I love bad movies. I love them so much. And I don’t mean bad. I mean bad. There’s bad like an Adam Sandler Netflix movie, soulless and unfunny but technically sound, and then there’s bad like Birdemic, a movie that is a production disaster in every respect but the creator absolutely put his heart and soul into it.
That’s the difference for me. I want low budget bad. I want we tried so hard but it was so bad bad. There’s a charm to an enthusiastically made bad movie than can’t be engineered. Studios try once in a while. Somebody watched a handful of SyFy monster movies and decided, “Let’s do that, but with Sam Jackson and a bigger budget,” and we ended up with Snakes on a Plane. It had a few good Sam Jackson moments, but in no way did it hold a candle to a genuine B movie. If I’m going to watch a churned out SyFy flick, I’ll stick with SyFy. At least they have Sharknado.
But I’m not even talking SyFy. I grew up on Mystery Science Theater 3000 (mostly the Mike years, but I appreciate a good Joel). I didn’t get any of the jokes about current events or politics but I cackled through all the rest. Every Saturday morning there would be a re-run on the Scifi Channel and I’d call my best friend to make him wake up and watch simultaneously from his house. Time Chasers! Space Mutiny! The Final Sacrifice!

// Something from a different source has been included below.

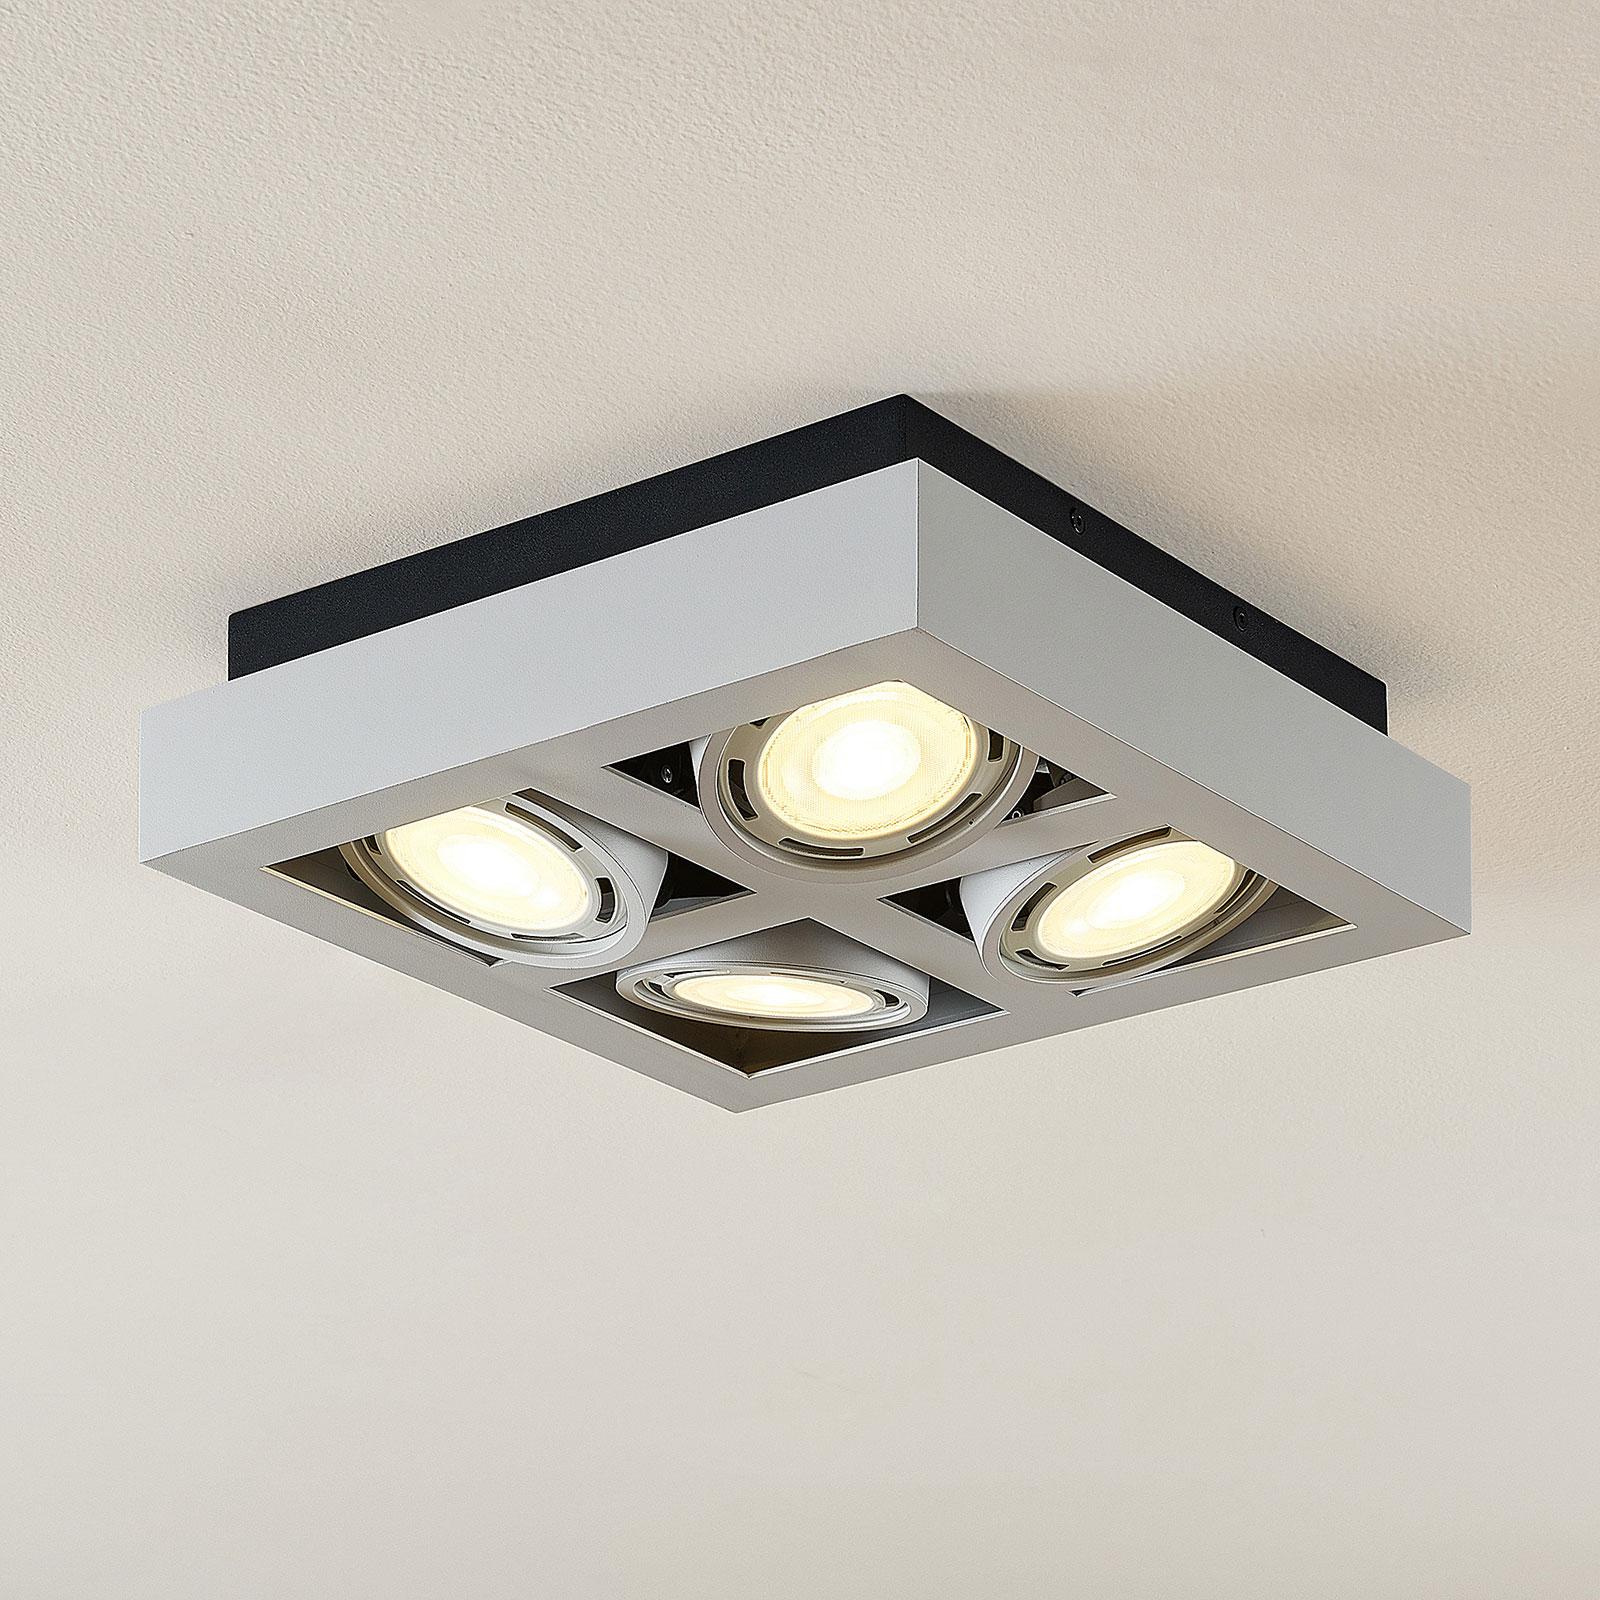 Plafoniera LED Ronka quadrata, 4 luci, bianca

This was also the glorious heyday of movie rental stores. My mom let us walk the store end-to-end and pick things out by their glorious titles and cover art. That’s how we ended up discovering gems like Delta Delta Die (a cannibalistic sorority that ate everything but penis) and Anklebiters (that’s right, vampire dwarfs). SO MUCH GOLD.
I all-too-briefly blogged for the film (now pop culture) website, Cinema Spartan. Sam’s Phenomenal Cosmic Movie Column was a whole lot of fun, and I was given free reign to do what I pleased (thanks, Rob!). That meant anything from bitching about action heroes getting kids in the sequels, to listing my favorite vampire movies, to making Arnold Schwarzenegger Christmas cards.
It also meant B-movie reviews! All from my private collection, of course. There you’ll find breakdowns of…
Futurekick! Terminator meets Robo Cop meets every shitty kickboxing movie the 80s could offer! There’s a lot of kicking and a lot of increasingly relevant corporate fascism!
Fabio: A Time For Romance! The world’s first (and last?) “VideoRomance novel.” A romance writer gets writer’s block and imagines three different book premises…each starring Fabio, of course. But there’s a TWIST!
Rock N Roll Nightmare! The most enthusiastic Canadian horror film about a hair band jamming in an old farmhouse possessed by Satan that you’ll ever see, I guarantee it. All you need to know is that it stars Jon Mikl Thor, the Legendary Rock Warrior. And Satan.
Starcrash! A mind-boggling Star Wars rip-off starring David Hasselhoff and Christopher Plummer!! I can’t even convey how batshit off the rails this thing goes, but I was absolutely thrilled this week to discover that Starcrash is one of the movies in the new season of MST3K that just dropped on Netflix. You better believe I’m queuing that up.
I’ve been thinking of bringing B-movie reviews to Samtastic Books. I stopped because they are surprisingly time-consuming to watch, screencap, and write up, but they are SO MUCH FUN. So maybe I’ll incorporate a monthly movie night. I still have a pile of fabulous flicks that never made it into the Cosmic column, including KISS Meets the Phantom of the Park (yes, the band) and Robo Vampire (indescribable).
Believe it or not, there’s a lesson here for people in all creative pursuits, and that lesson is: enthusiasm trumps technical skill. I’m doing all I can to improve my writing and conquer the tools necessary to convey the stories I want to convey. BUT. A perfectly polished manuscript with solid structure and capable prose isn’t enough. That gets you “good but forgettable.” What gets you past “good but forgettable” is enthusiasm, and a willingness to go wild even though you risk falling on your face. Am I there yet? I dunno. But I’m going to try.